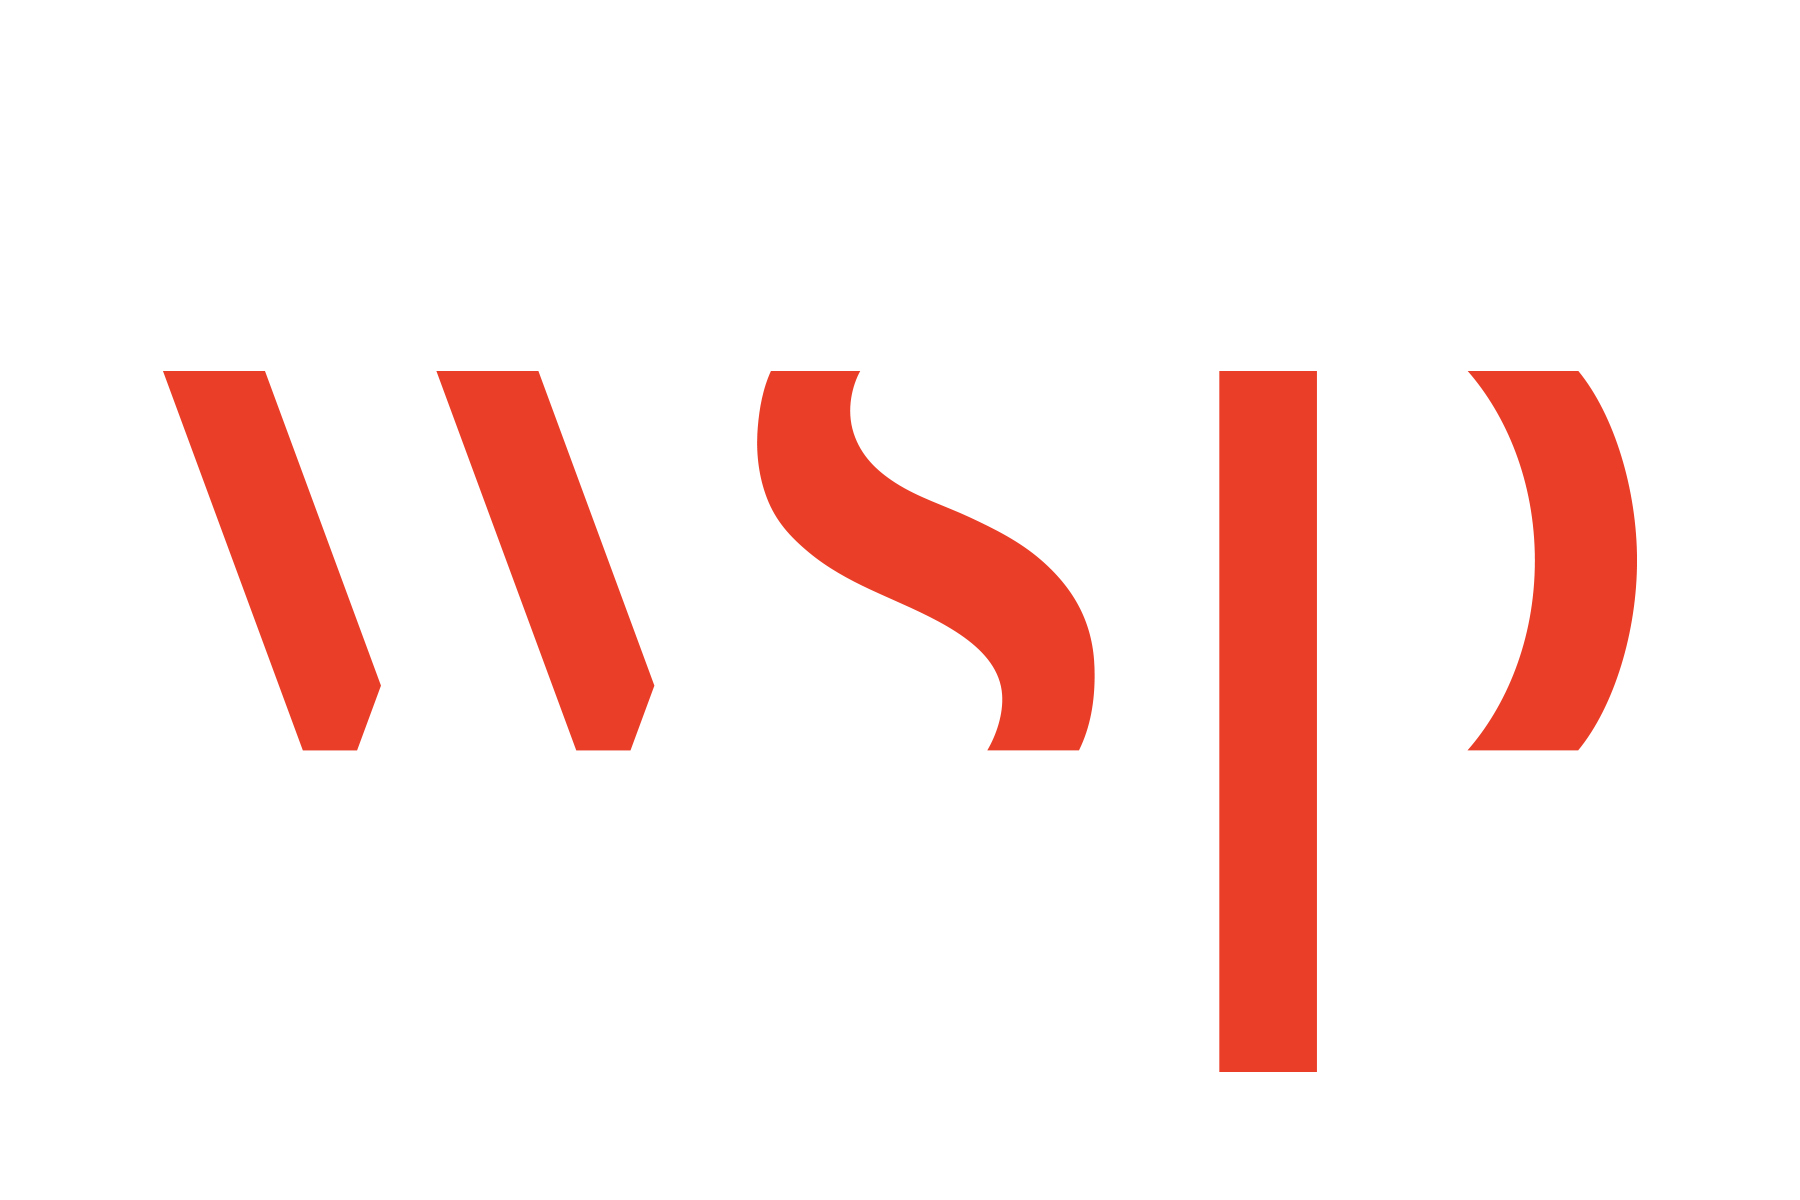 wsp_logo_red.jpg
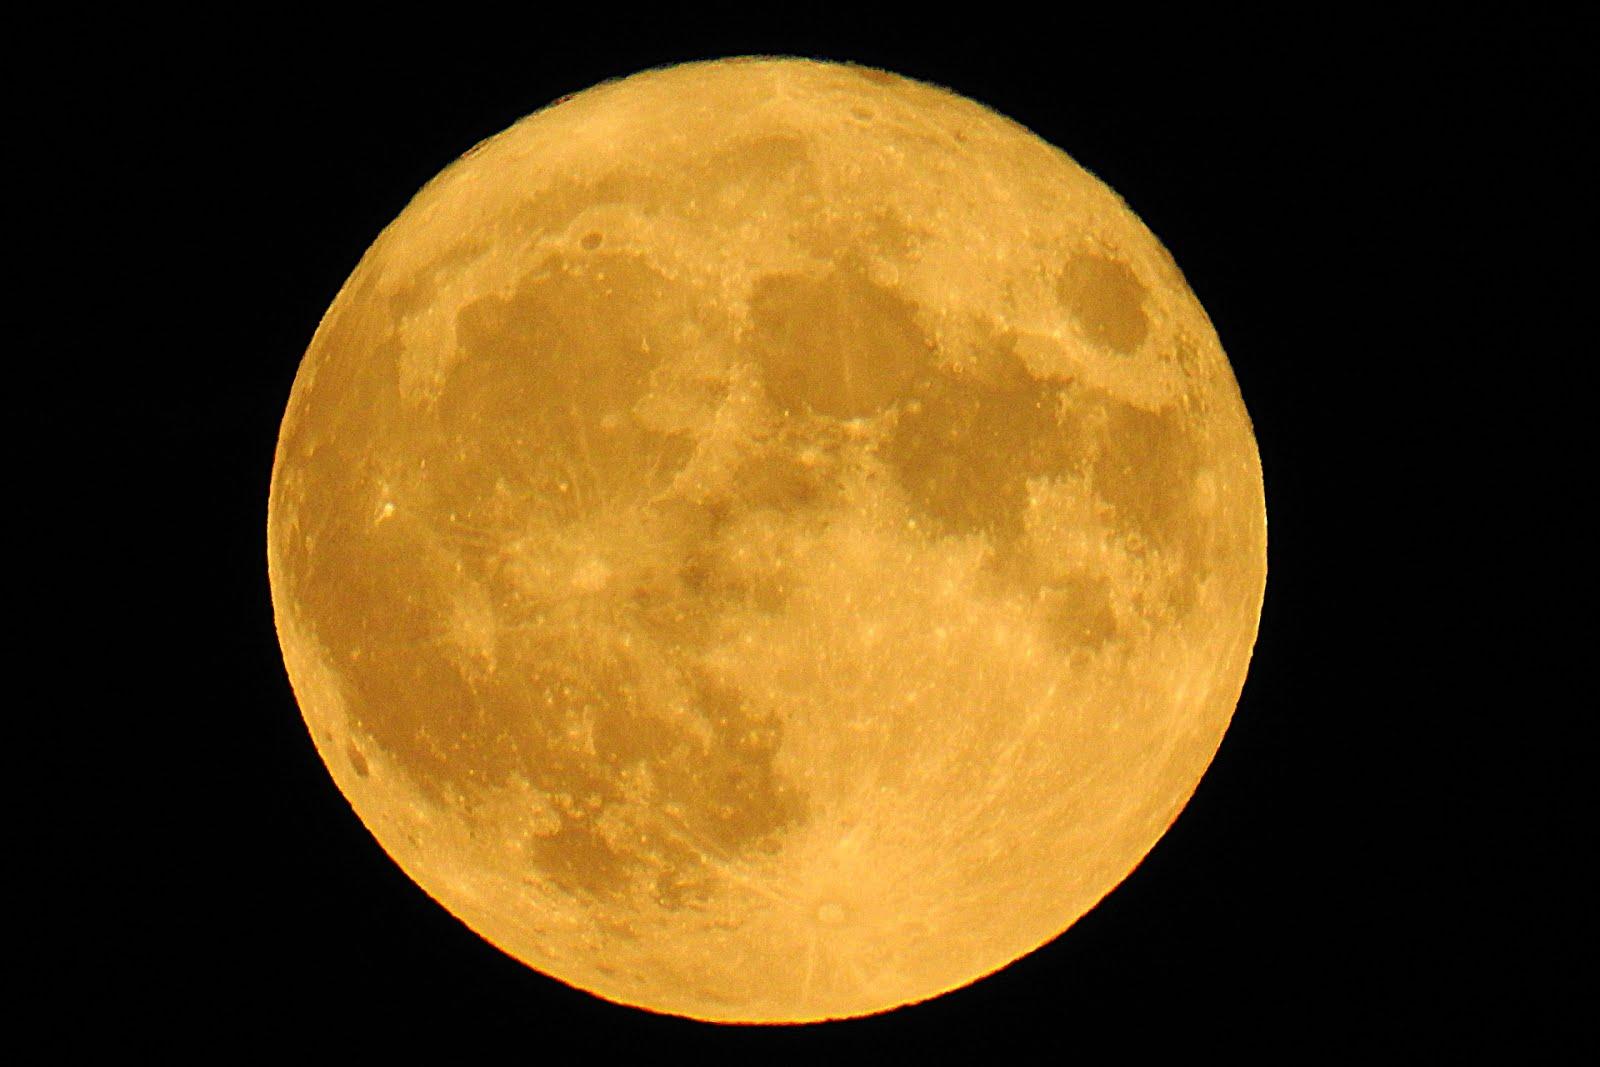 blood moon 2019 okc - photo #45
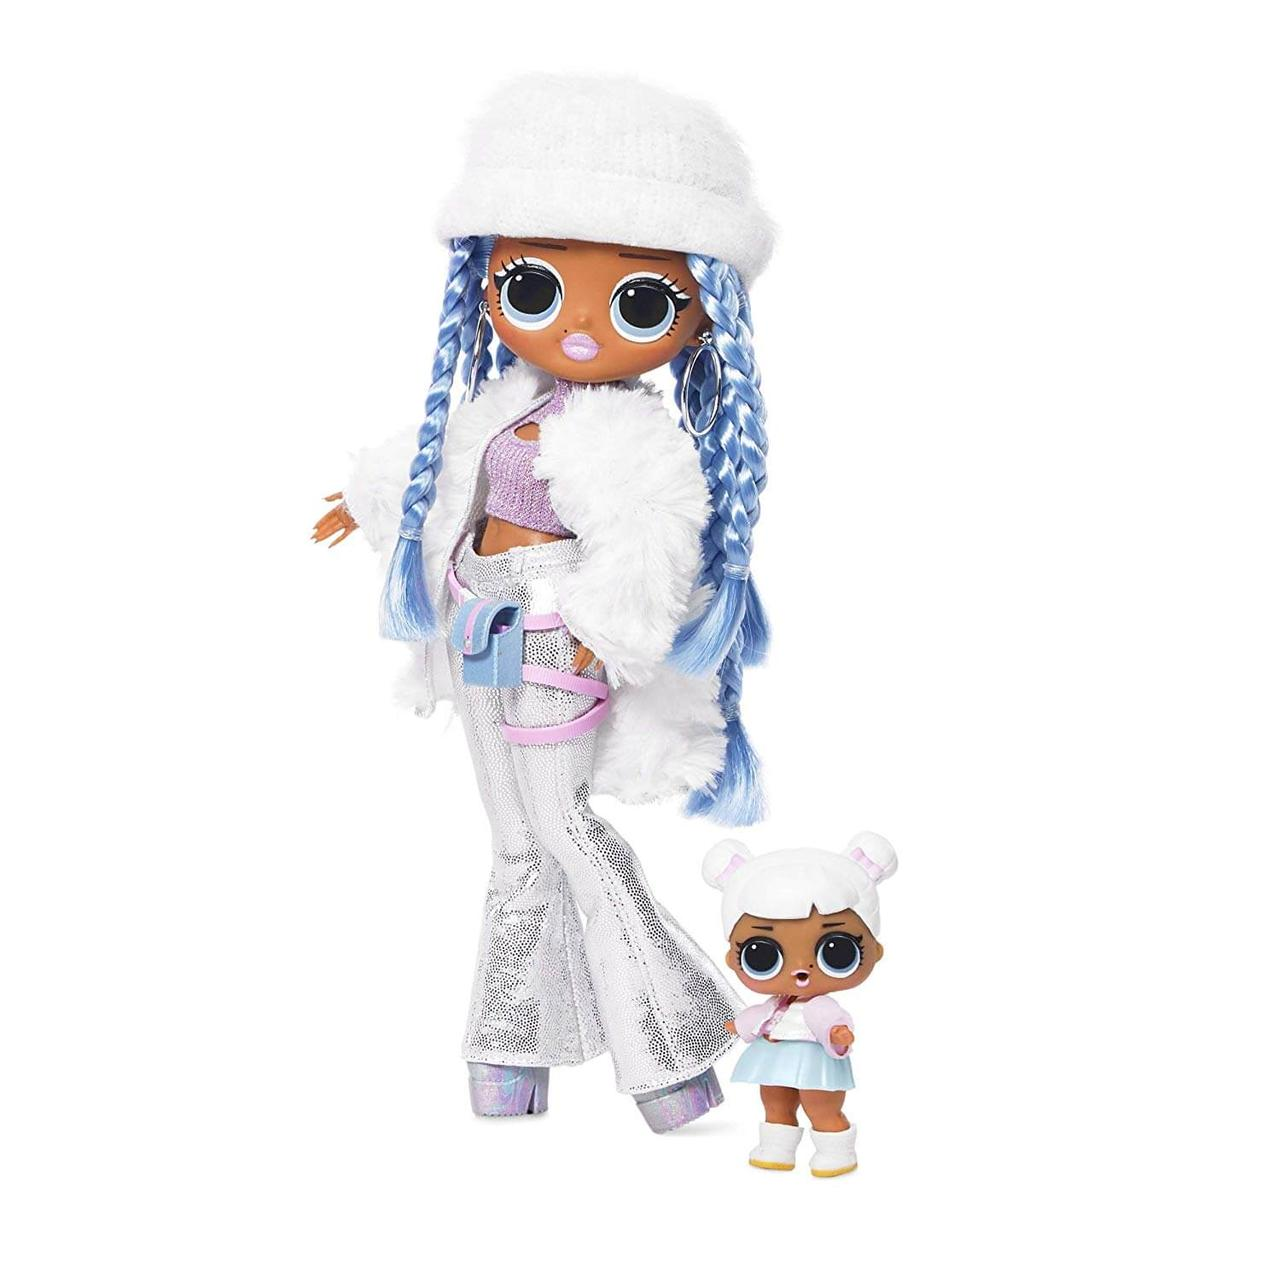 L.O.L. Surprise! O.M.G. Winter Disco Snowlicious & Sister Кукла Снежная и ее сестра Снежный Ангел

**WHAT IS NEEDED:** From the line holding "blood moon 2019 okc - photo #45" to the last line of the listing, please output each line exactly as it stands. Pictures stay out of the copy.

**REPLY:**
 blood moon 2019 okc - photo #45
 L.O.L. Surprise! O.M.G. Winter Disco Snowlicious & Sister Кукла Снежная и ее сестра Снежный Ангел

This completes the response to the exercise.